The maximum number of colours capable of being displayed by a given Macintosh at the one time is determined by the video capability of that particular Macintosh. The maximum number of colours capable of being displayed on a given screen at the one time depends on settings made by the user. In a multi-monitor environment, therefore, it is possible for each screen to be set to a different pixel depth.

In more technical terms, the user's settings set the pixel depth of a particular video device. A brief review of the subject of video devices is therefore appropriate at this point.

Video Devices Revisited

As stated at Chapter 11:

  • A graphics device is anything into which QuickDraw can draw, a video device (such as a plug-in video card or a built-in video interface) is a graphics device that controls screens, QuickDraw stores information about video devices in GDevice structures, the system creates and initialises a GDevice structure for each video device found during start-up, all structures are linked together in a list called the device list, and the global variable DeviceList holds a handle to the first structure in the list.

  • At any given time, one, and only one, graphics device is the current device, that is, the one in which the drawing is taking place.
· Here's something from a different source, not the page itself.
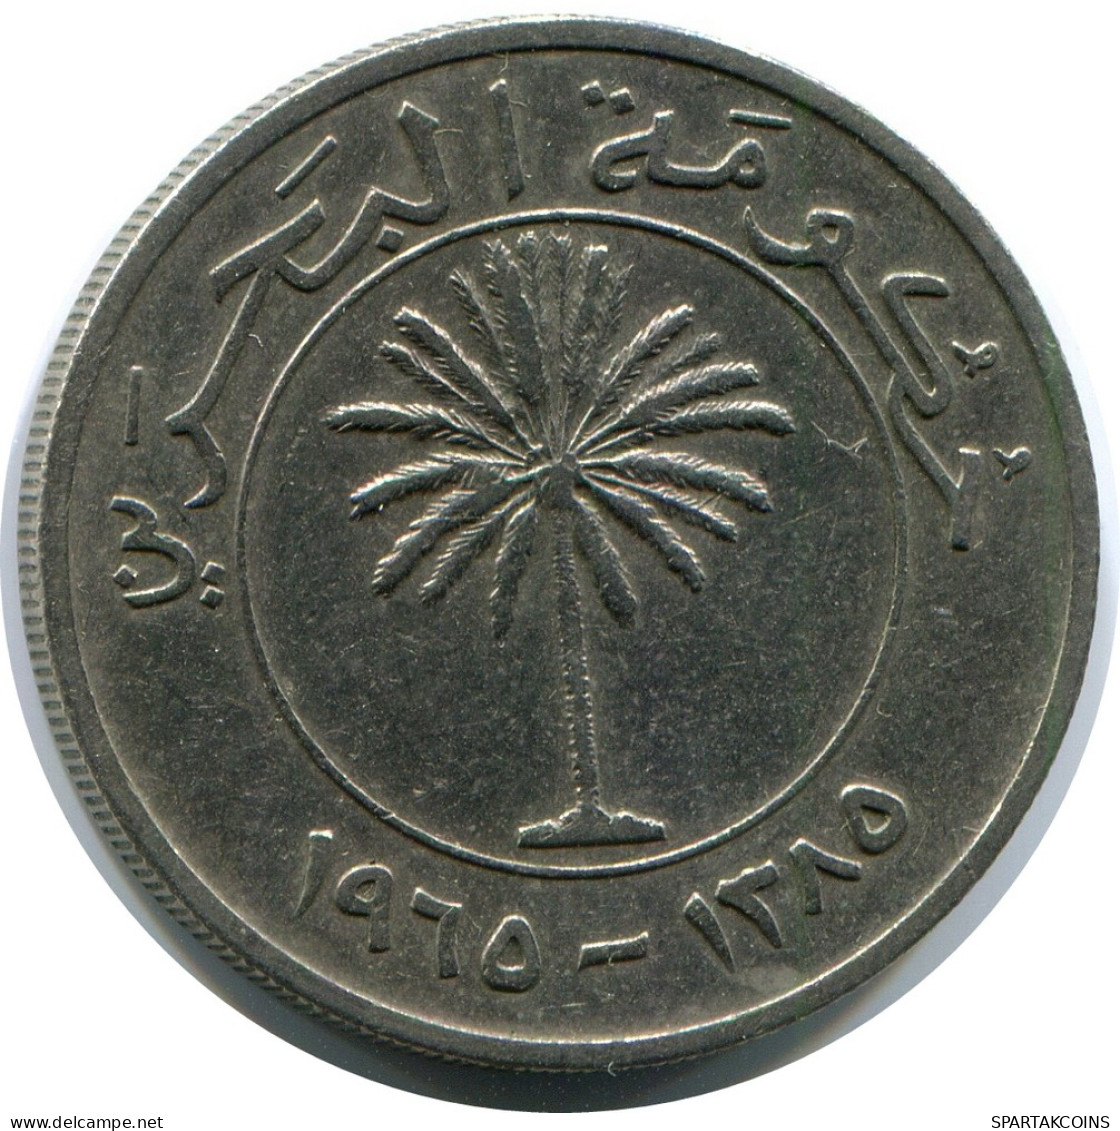 100 FILS 1970 BAHRAIN Coin #AP977.U - Bahrain

A handle to the current device's GDevice structure is placed in the global variable TheGDevice.

    The current device is sometimes referred to as the active device.

By default, the GDevice structure corresponding to the first video device found at start up is marked as the (initial) current device, and all other graphics devices in the list are initially marked as inactive. When the user moves a window to, or creates a window on, another screen, and your application draws into that window, QuickDraw automatically makes the video device for that screen the current device and stores that information in TheGDevice. As QuickDraw draws across a user's video devices, it keeps switching to the GDevice structure for the video device on which it is actively drawing.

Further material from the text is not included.